Fr John Reed, inaugural sermon,  Sunday, 5th November, 2017

Those who worship in churches spend their lives being looked down upon by saints,;they look from stained glass windows, some with serious faces, others with benign smiles, others with looks of surprise and some with a look of serendipity. Many have what one of my former colleagues called “pan lids” on their heads, a sign of holiness that their lives are different from ours. A badge of having made it into Gods presence.

A child was once asked the question what is a saint? Without hesitating she replied ‘See through people’

Our church calendar has many saints - women poorly represented in comparison to men - people from both sides of the Reformation who would have burnt each other at the stake, and even George Fox the founder of the Quakers whom the established church regularly sent to prison. Characters both ancient and more modern who in some special way have been recognised by others as having shown others something of God, of having been see through people.
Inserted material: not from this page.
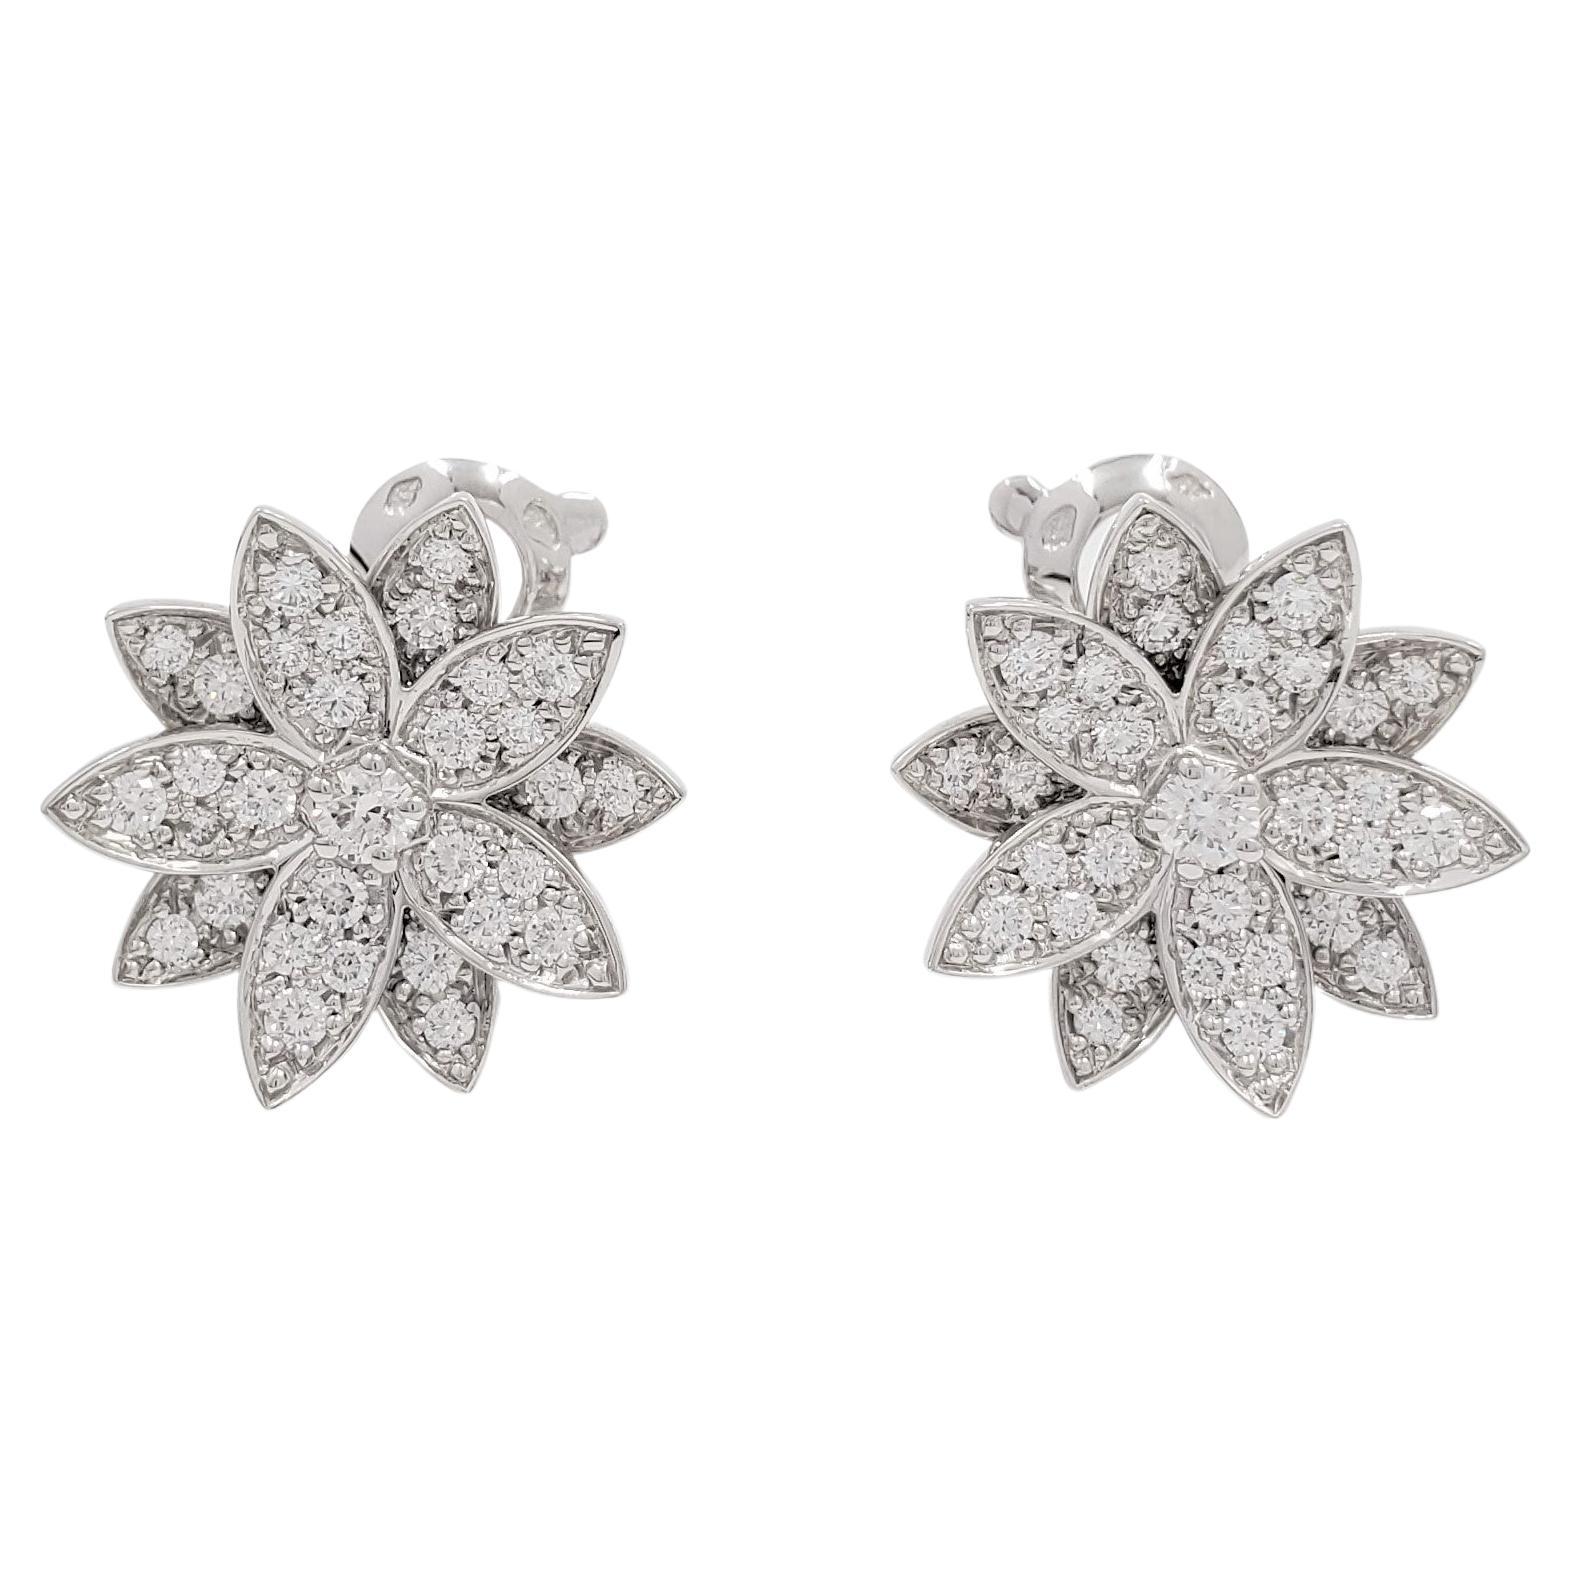 Van Cleef & Arpels 'Lotus' White Gold Diamond Earrings, Small Model

Some years ago we visited Krakow, and like many we did the tour of Auschwitz.  It is a terrible place where many terrible things happened in what was a former bog standard army camp.  And that was the terrible paradox.  We were shown a simple brick hut, in which the Germans had built a brick box about the size of a coal bunker and periodically they used to incarcerate people in there and starve them to death.  Many people had suffered in this place, but yet it was embellished with a large wooden cross.

On one occasion as the guards were rounding up prisoners to go into the cell, a man was chosen who pleaded that he be reprieved because he had a family. A Polish priest, Fr. Maximillian Kolbe, stepped forward, he was old, had no family and asked the guards to let him go in the man’s place.  Then as he starved with his fellow prisoners he sang hymns.  The hymns were an inspiration to the many prisoners, and days after his fellow prisoners had died he lived on, singing.  For day after day his singing provided hope to many who had no hope. Eventually he was beaten to death.  In the mundanity of a brick death chamber, hope flourished. 

Saints are countercultural through their words and actions, taking the mundane and transforming it to the glory of God. The beatitudes literally proclaim Gods blessedness in situations where we don’t expect it. The poor in spirit will receive the kingdom of heaven.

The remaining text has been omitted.